BRIEF: From the line with "Hoob Long Bag" to the end of the data below, restate each line word for word, both ends included, without the pictures.

INFORMATION PROVIDED:
#####

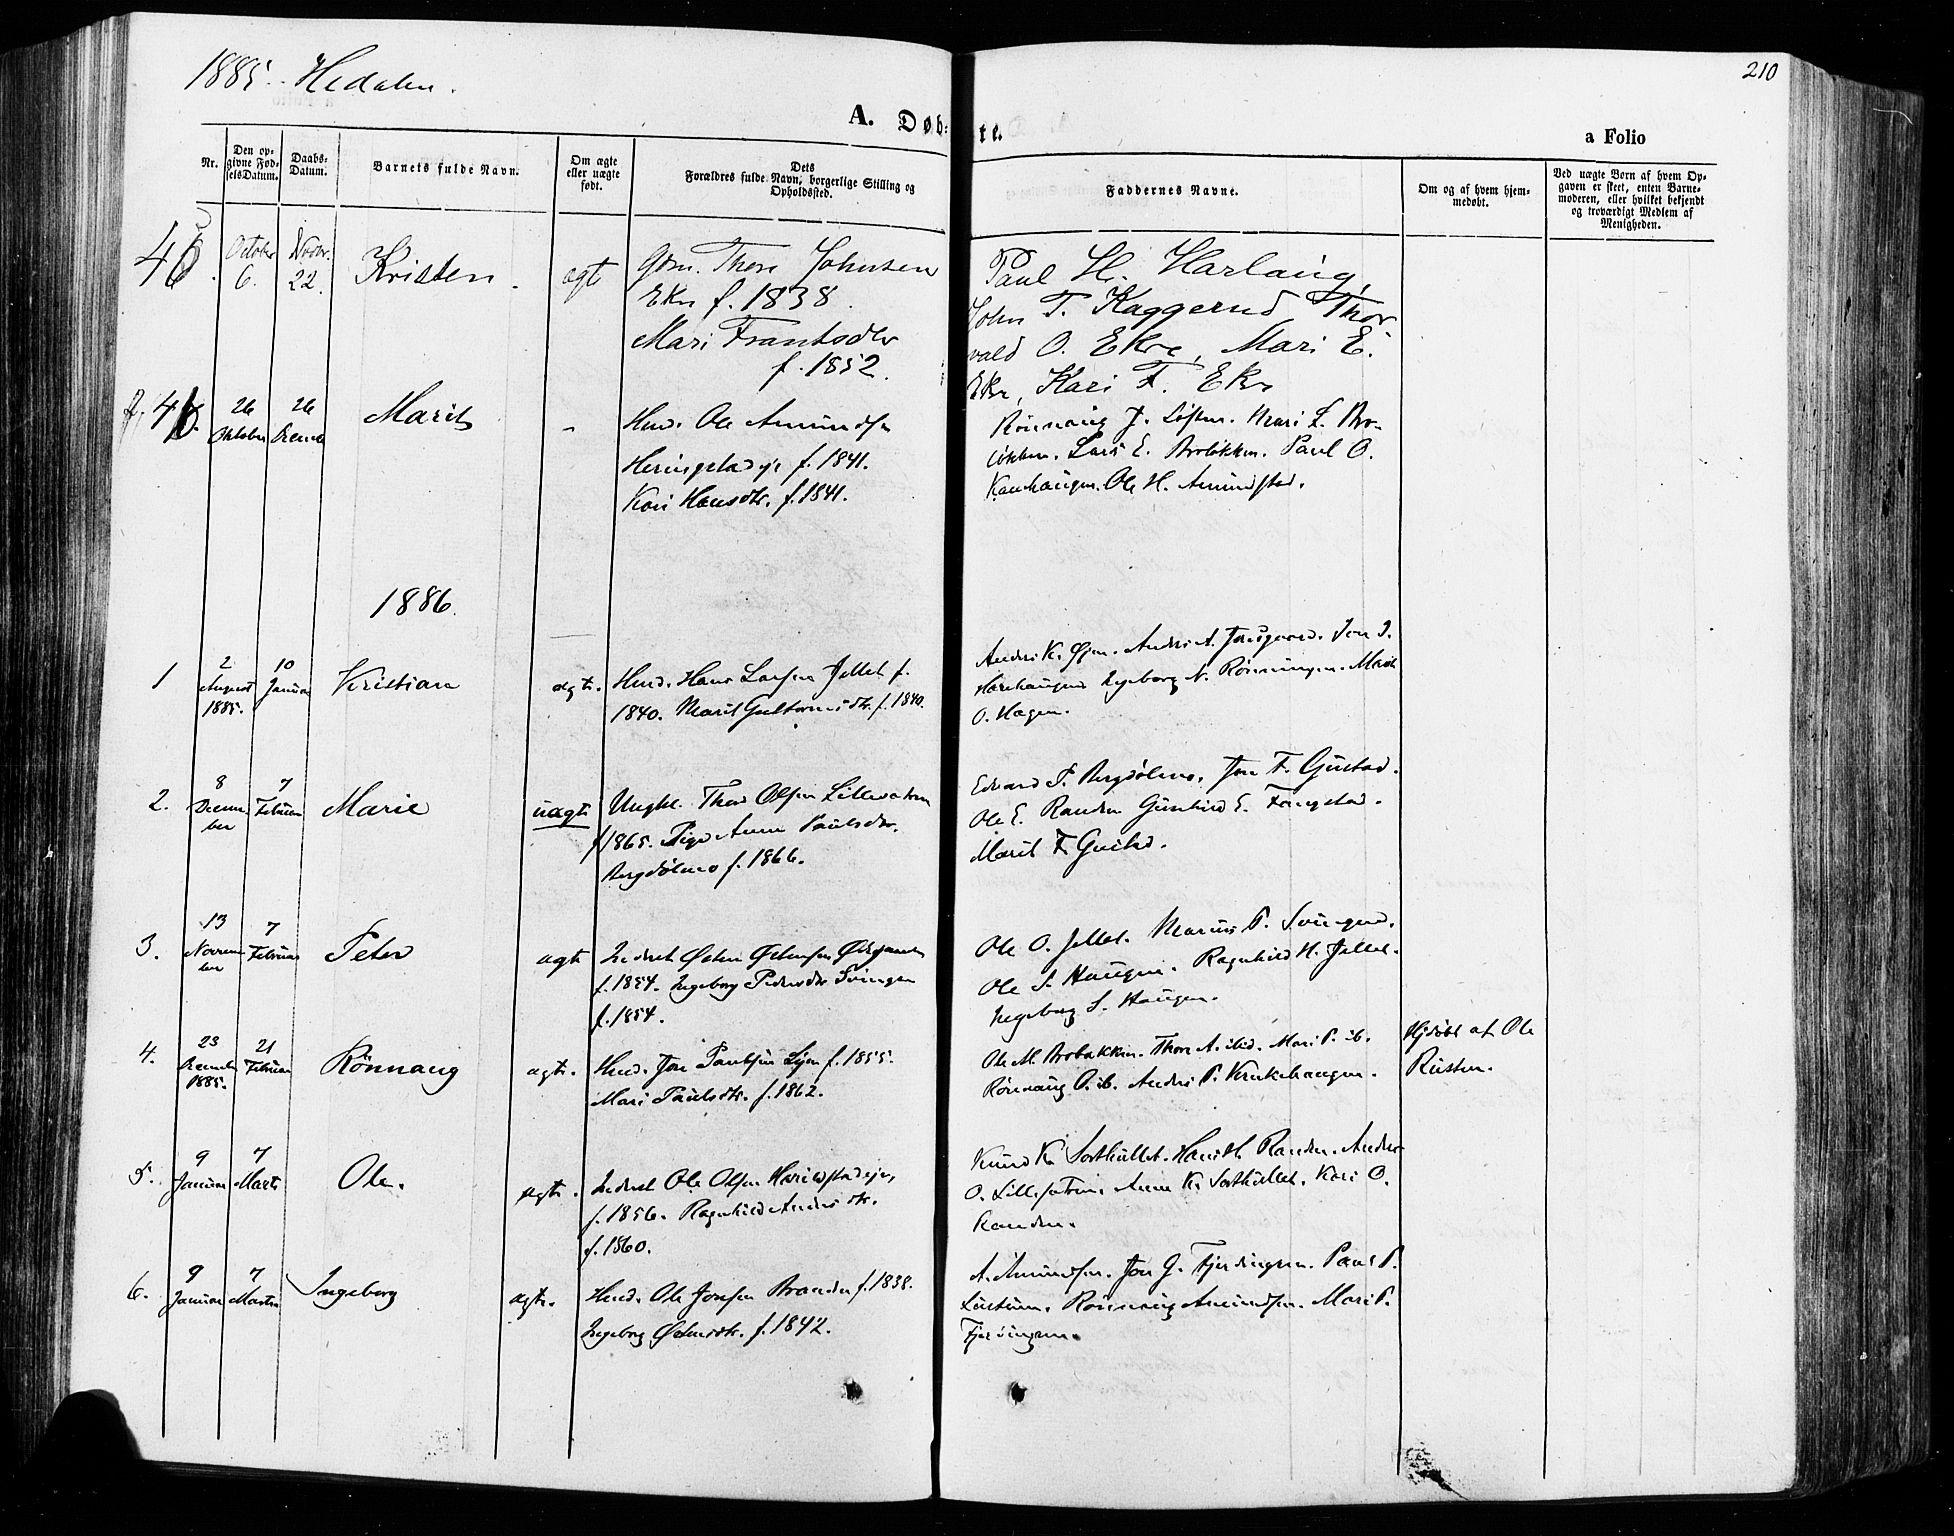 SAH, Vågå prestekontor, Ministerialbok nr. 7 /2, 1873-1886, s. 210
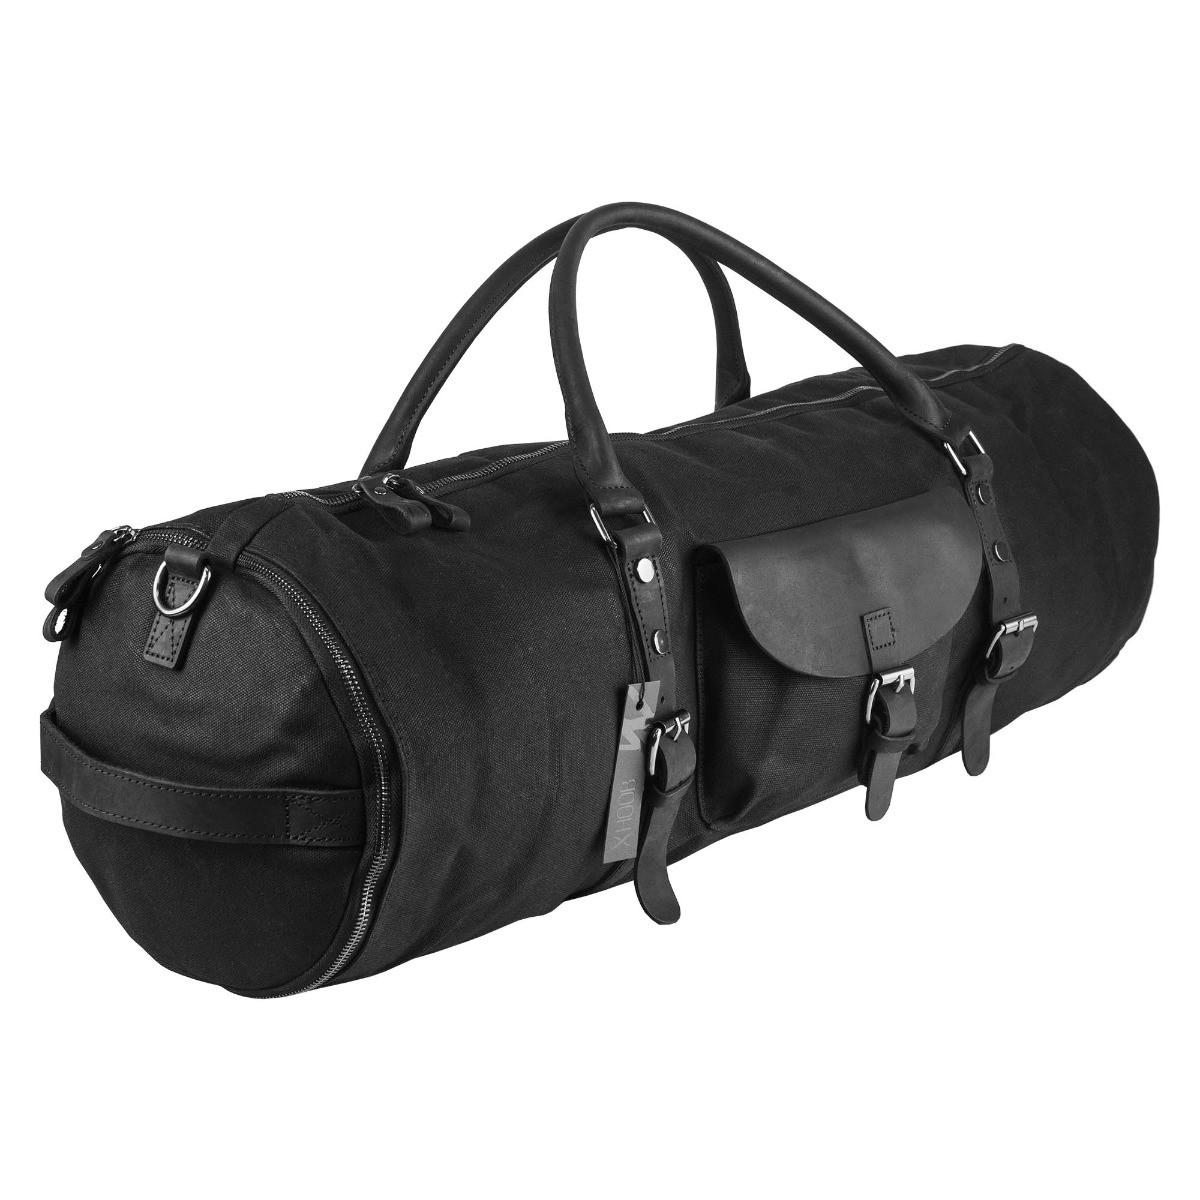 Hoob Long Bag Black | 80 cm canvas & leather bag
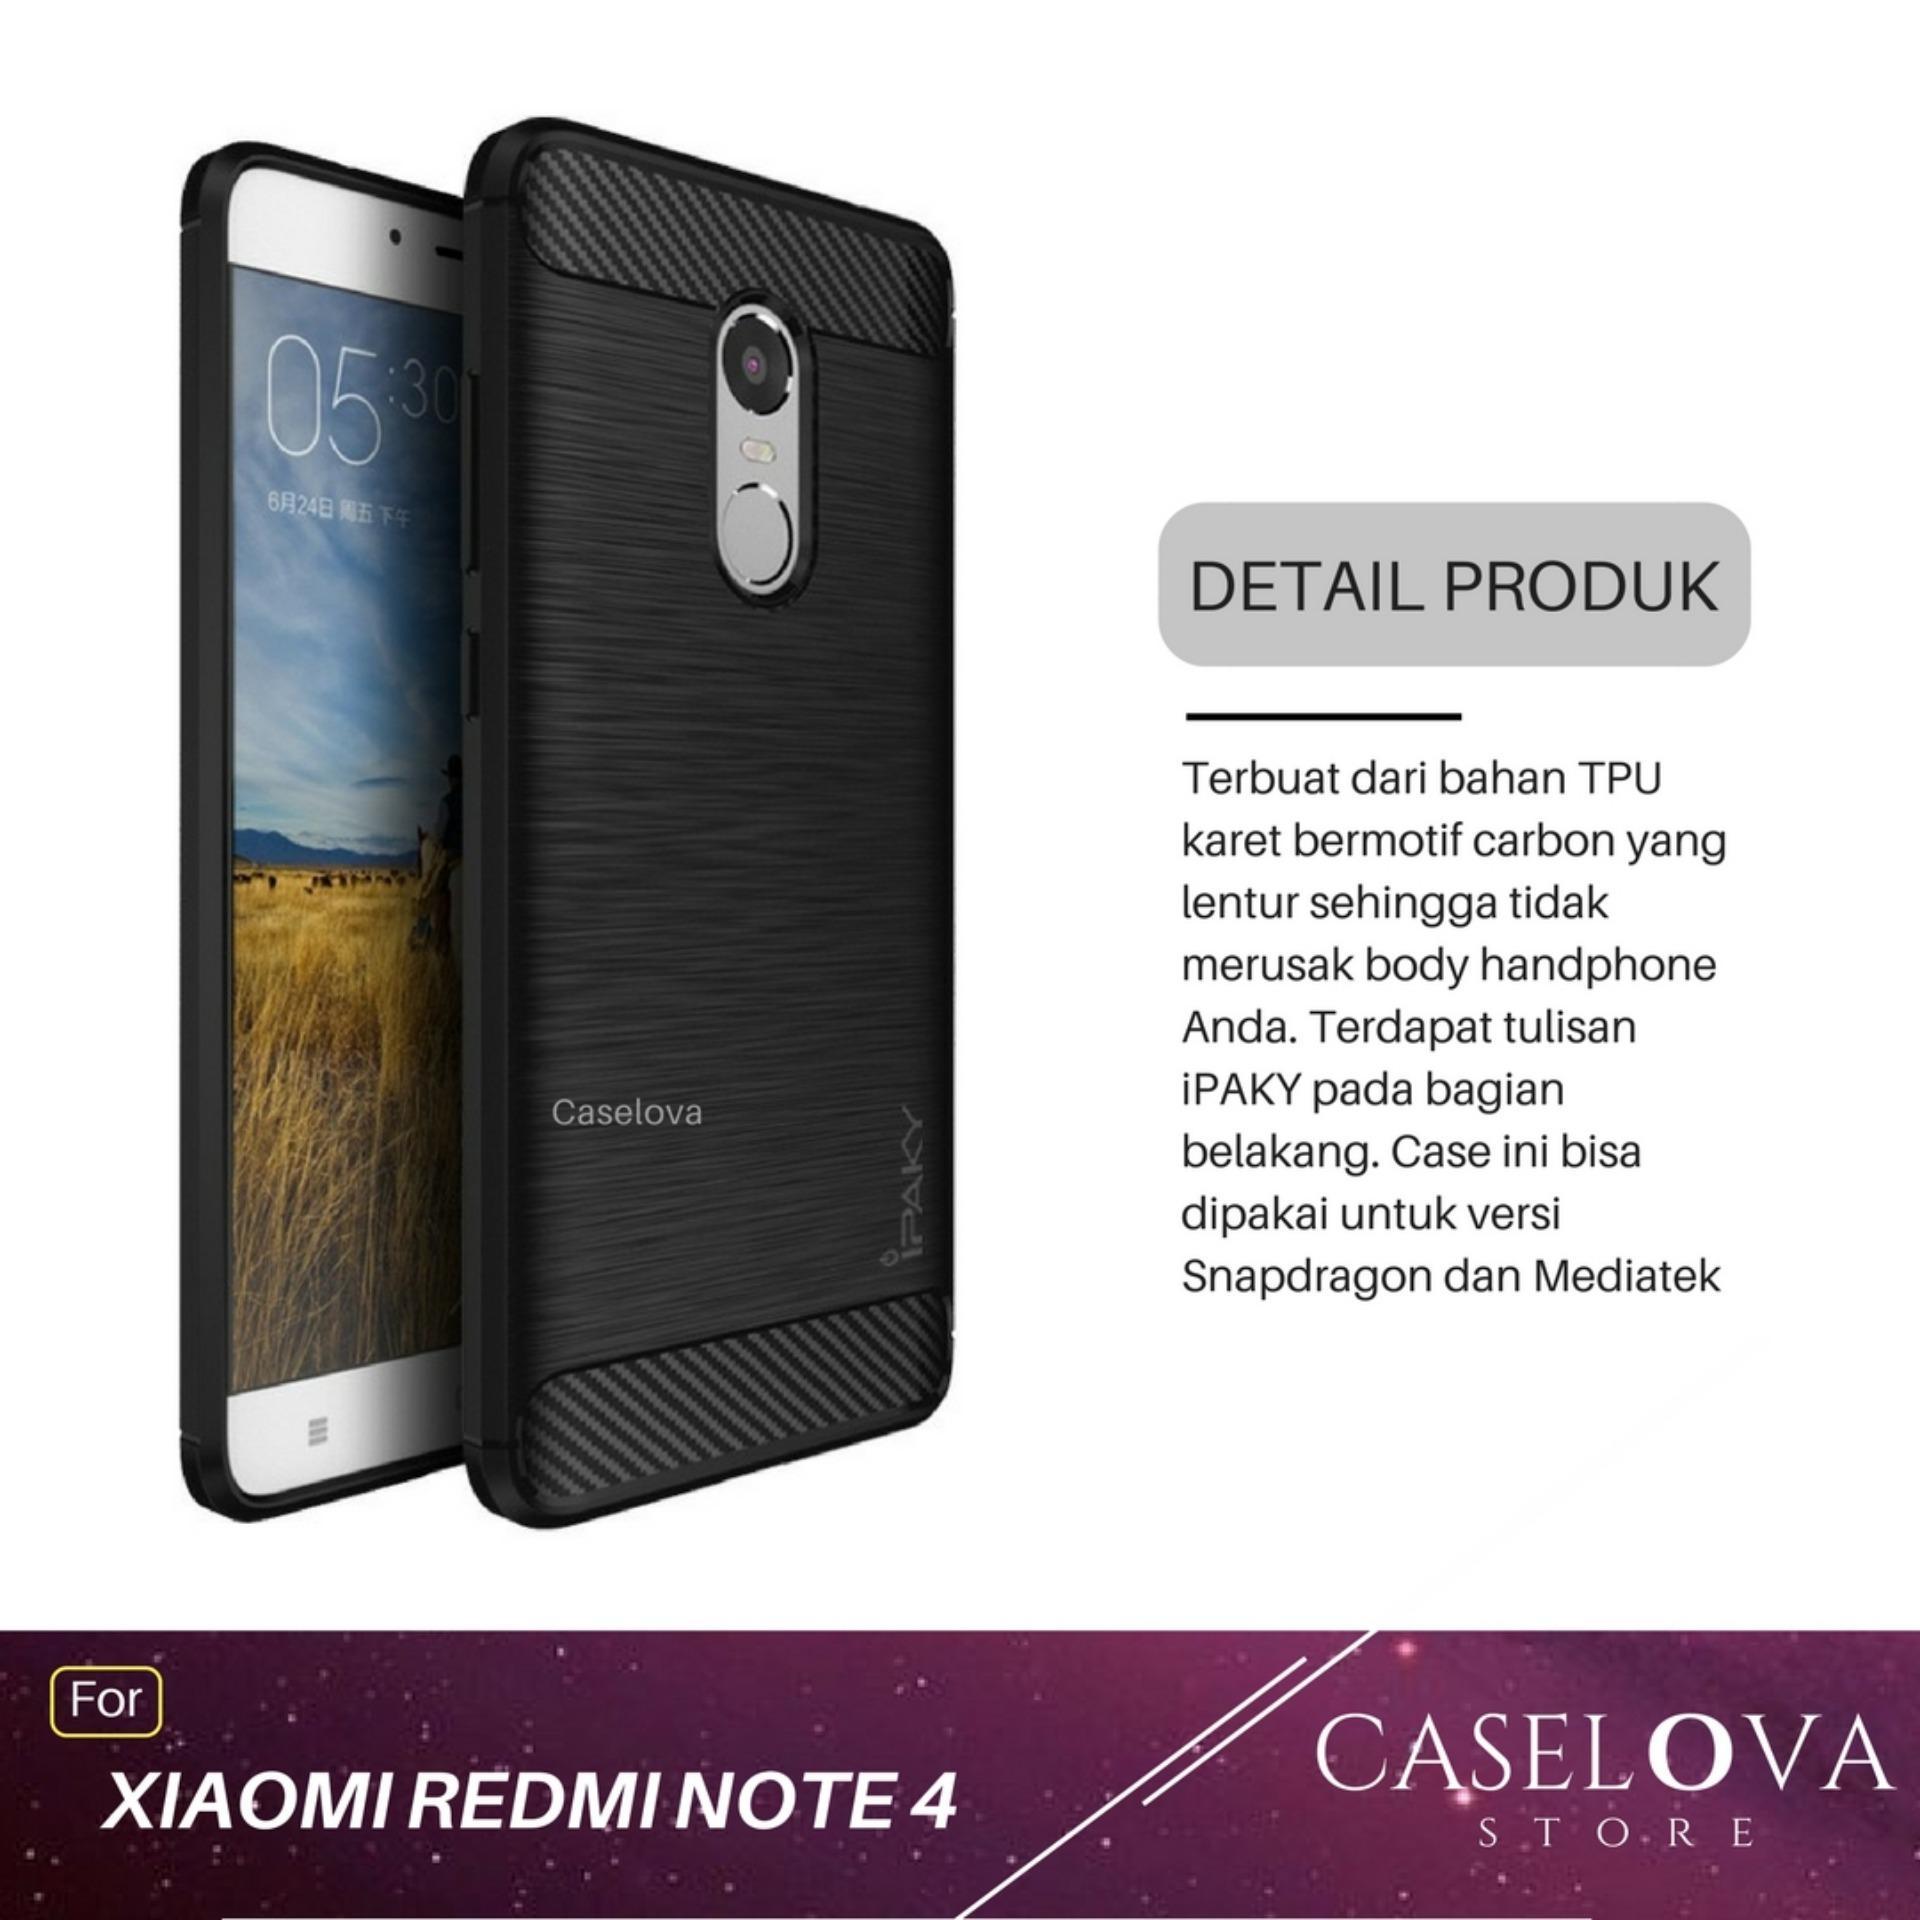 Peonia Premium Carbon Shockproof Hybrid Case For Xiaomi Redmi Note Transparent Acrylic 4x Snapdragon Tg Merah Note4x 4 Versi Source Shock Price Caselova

#####

PROBLEM SOLUTION:
 Hoob Long Bag Black | 80 cm canvas & leather bag
 Peonia Premium Carbon Shockproof Hybrid Case For Xiaomi Redmi Note Transparent Acrylic 4x Snapdragon Tg Merah Note4x 4 Versi Source Shock Price Caselova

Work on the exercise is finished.